_PROVIDED DATA_.
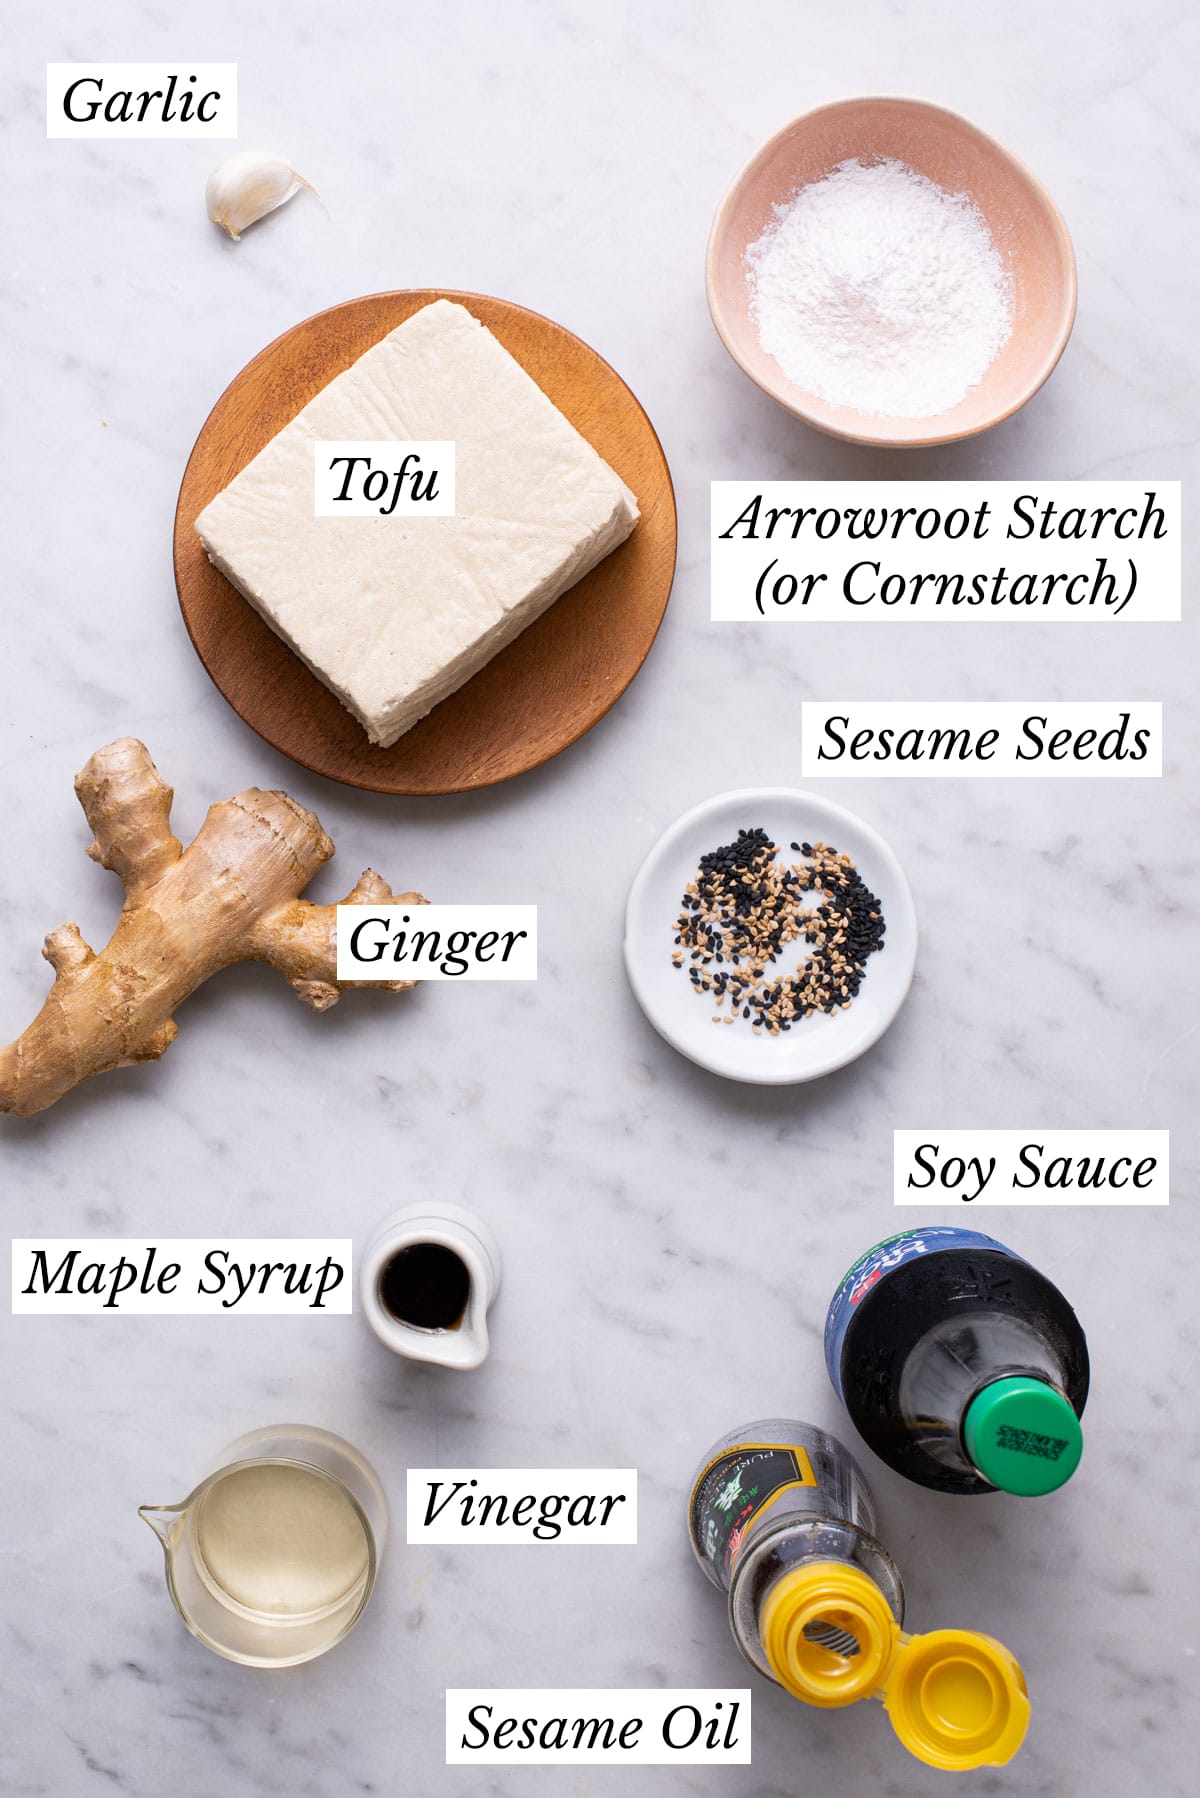 Ingredients gathered to make sesame garlic tofu.
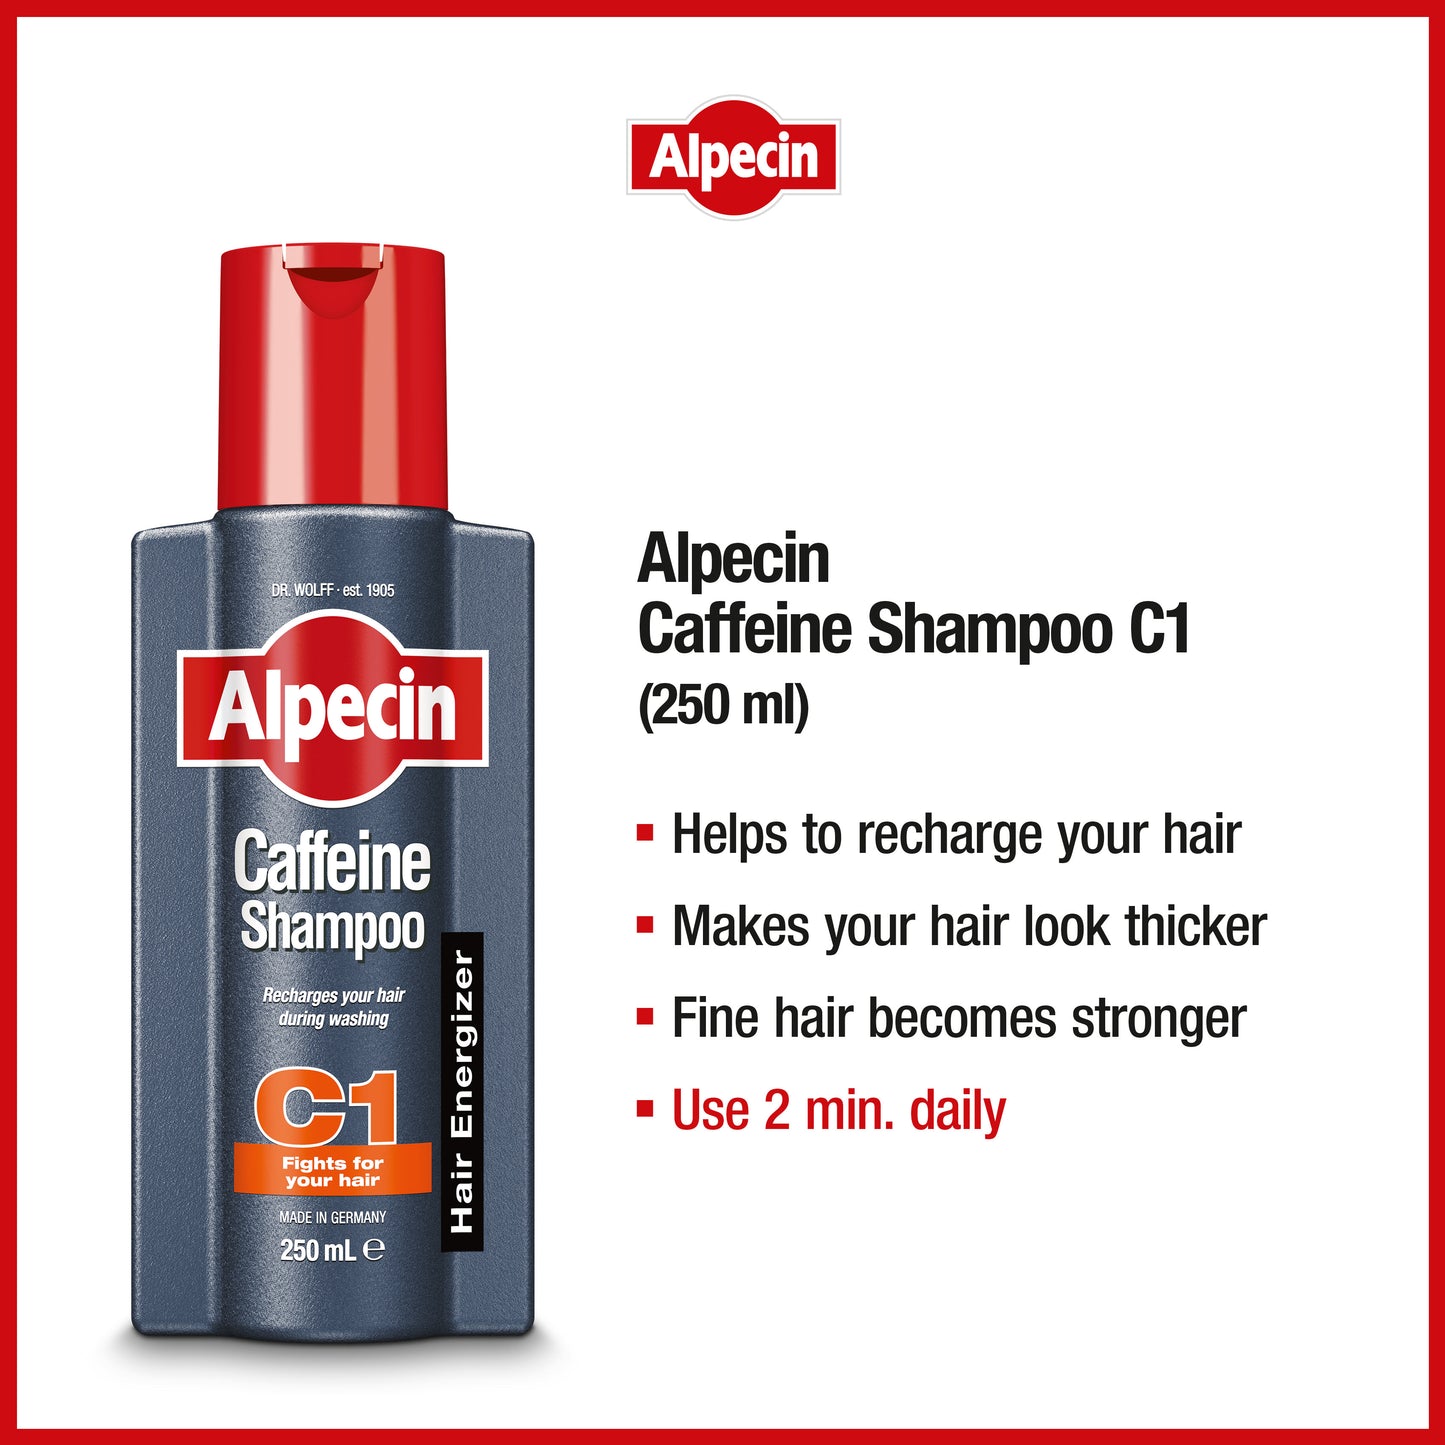 Alpecin Caffeine Shampoo C1 - For Stronger Hair, 250ml
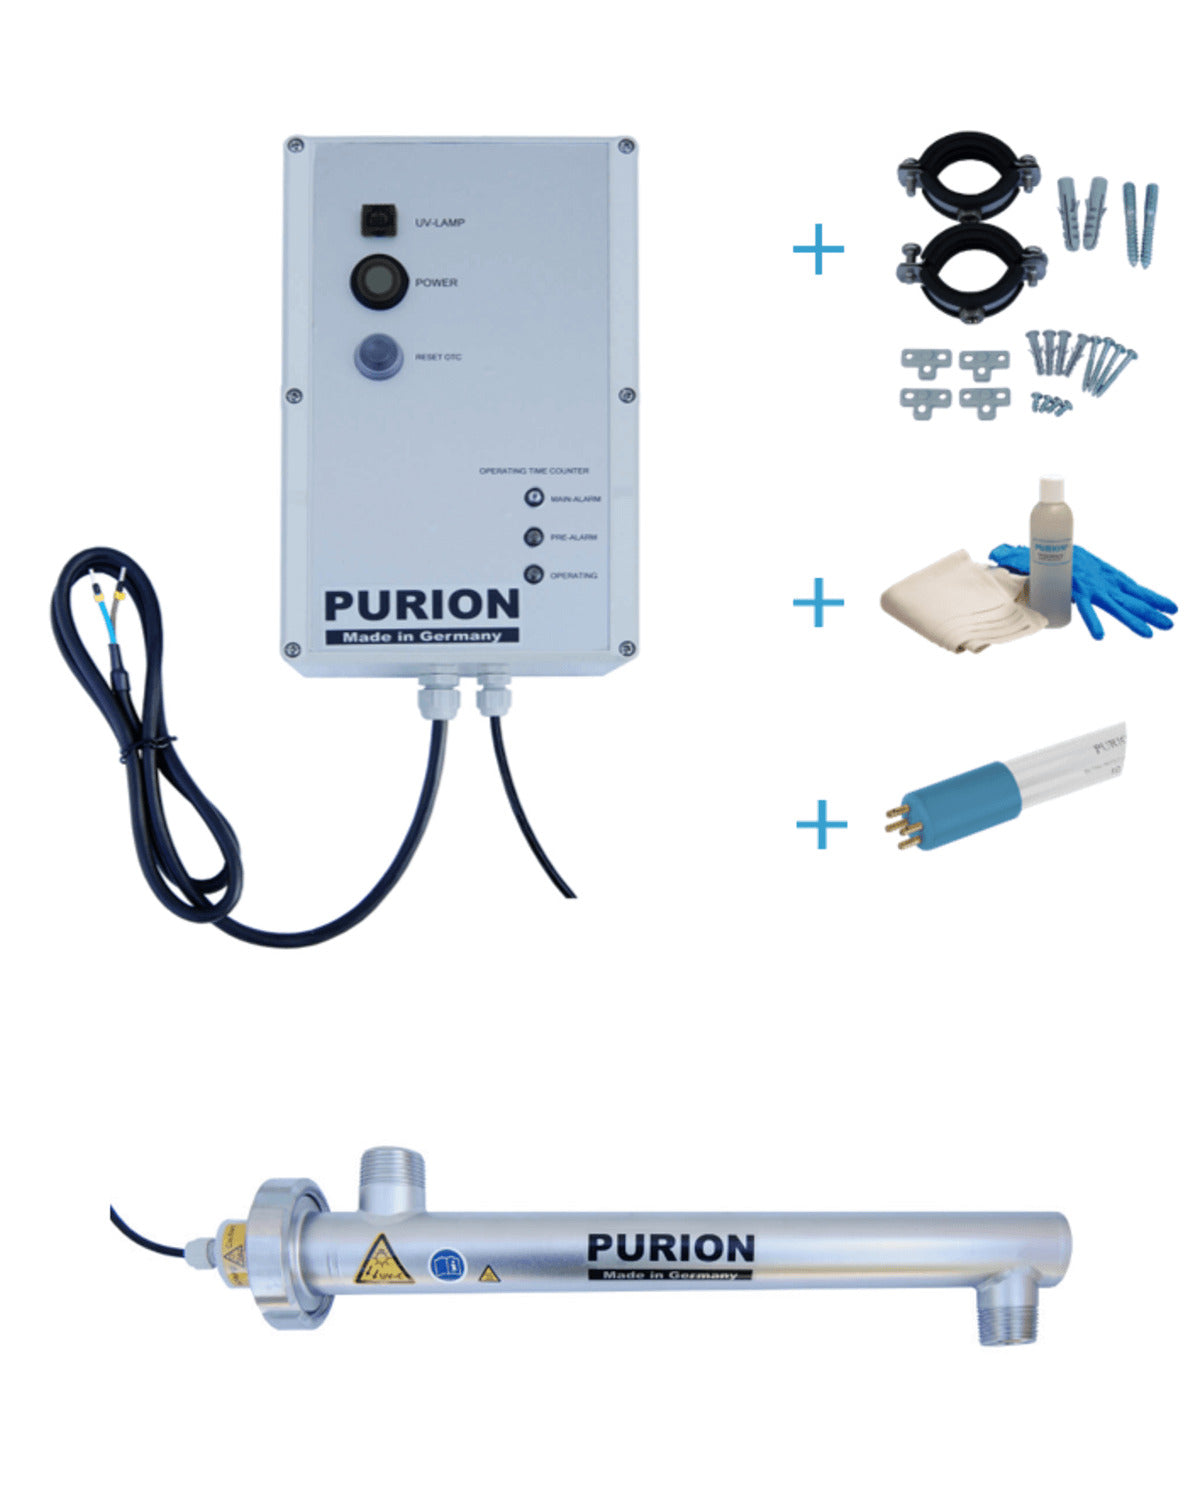 Das PURION 1000 OTC Bundle der PURION GmbH ist ein System zur Selbstversorgung mit sauberem Trinkwasser. Es nutzt fortschrittliche Wasserdesinfektionstechniken, um sicheres und gereinigtes Wasser bereitzustellen.

_INSTRUCTIONS TO FOLLOW_.
Extract only the lines from the line containing "Alpecin Caffeine Shampoo" through the final line of the listing above, unchanged; pictures stay out of the copy.

_TASK ANSWER_.
 Alpecin Caffeine Shampoo C1 - For Stronger Hair, 250ml
 Das PURION 1000 OTC Bundle der PURION GmbH ist ein System zur Selbstversorgung mit sauberem Trinkwasser. Es nutzt fortschrittliche Wasserdesinfektionstechniken, um sicheres und gereinigtes Wasser bereitzustellen.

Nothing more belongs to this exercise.